Foreign Bodies (2025)
Artist Taiki Sakpisit
Sound Design and Spatial Composition Worramet Matutamtada

Commissioned by Thailand Biennale Phuket

In Foreign Bodies, an immersive spatial sound environment is constructed through an 11.2 vertical speaker alignment, designed to generate vibrations that travel physically through the bodies of the audience. Sound is not merely distributed within the space; pressure and resonance are produced so that it is felt as intensely as it is heard.

All speakers are concealed within the installation, and the sources of sound are deliberately hidden from view. Through this concealment, spatial orientation is destabilised and certainty is removed. The sound is made to move like a haunted presence, emerging from indeterminate directions and suggesting the existence of another dimension embedded within the architectural environment. The audience is unable to locate a fixed origin and is instead enveloped, absorbed, and physically implicated.

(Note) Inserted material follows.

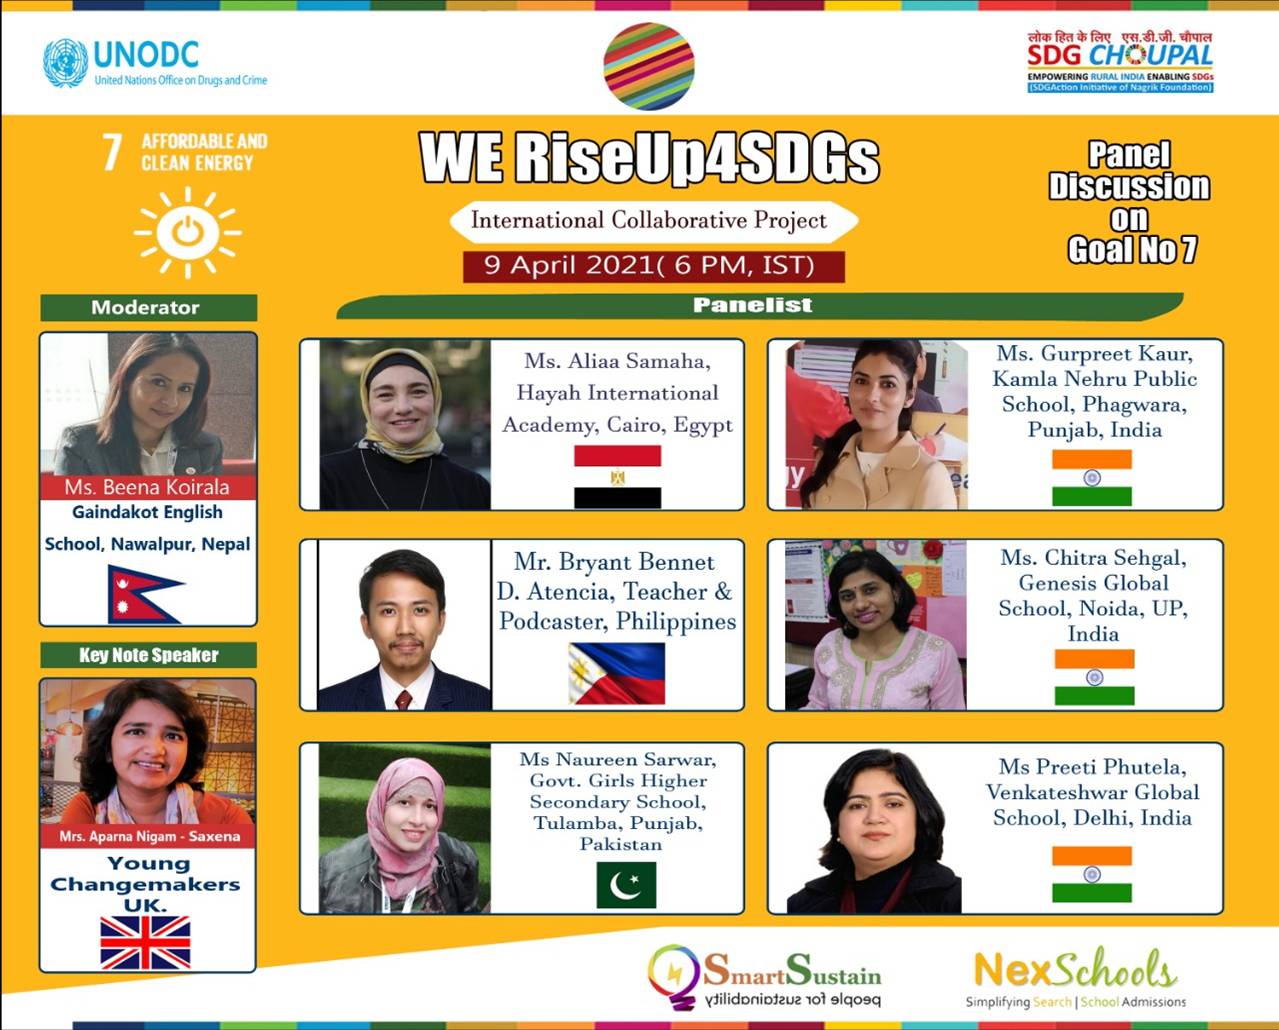 Panelsits for SDG7 discussion from school, SChool Teacher discussion panel from Egypt, Phillipines, Malaysia, India Brought to you for RiseUp4SDGs by NexSchools.com, Nes for education

A dense sonic mass unfolds in heavy tidal waves, engulfing the body and recalling the overwhelming atmosphere of Stanley Kubrick’s The Shining, in which a surge becomes an unstoppable force. Here, sound functions as a tide: it pours across the audience, pressing against skin and bone. History is not presented as distant representation but is embodied as force and vibration.

Spectatorship is transformed into immersion. Rather than observing from a distance, viewers are placed within a charged and infernal atmosphere where history is encountered as lived presence. The installation invites the audience to experience themselves not as detached observers, but as foreign bodies within the historical moment itself.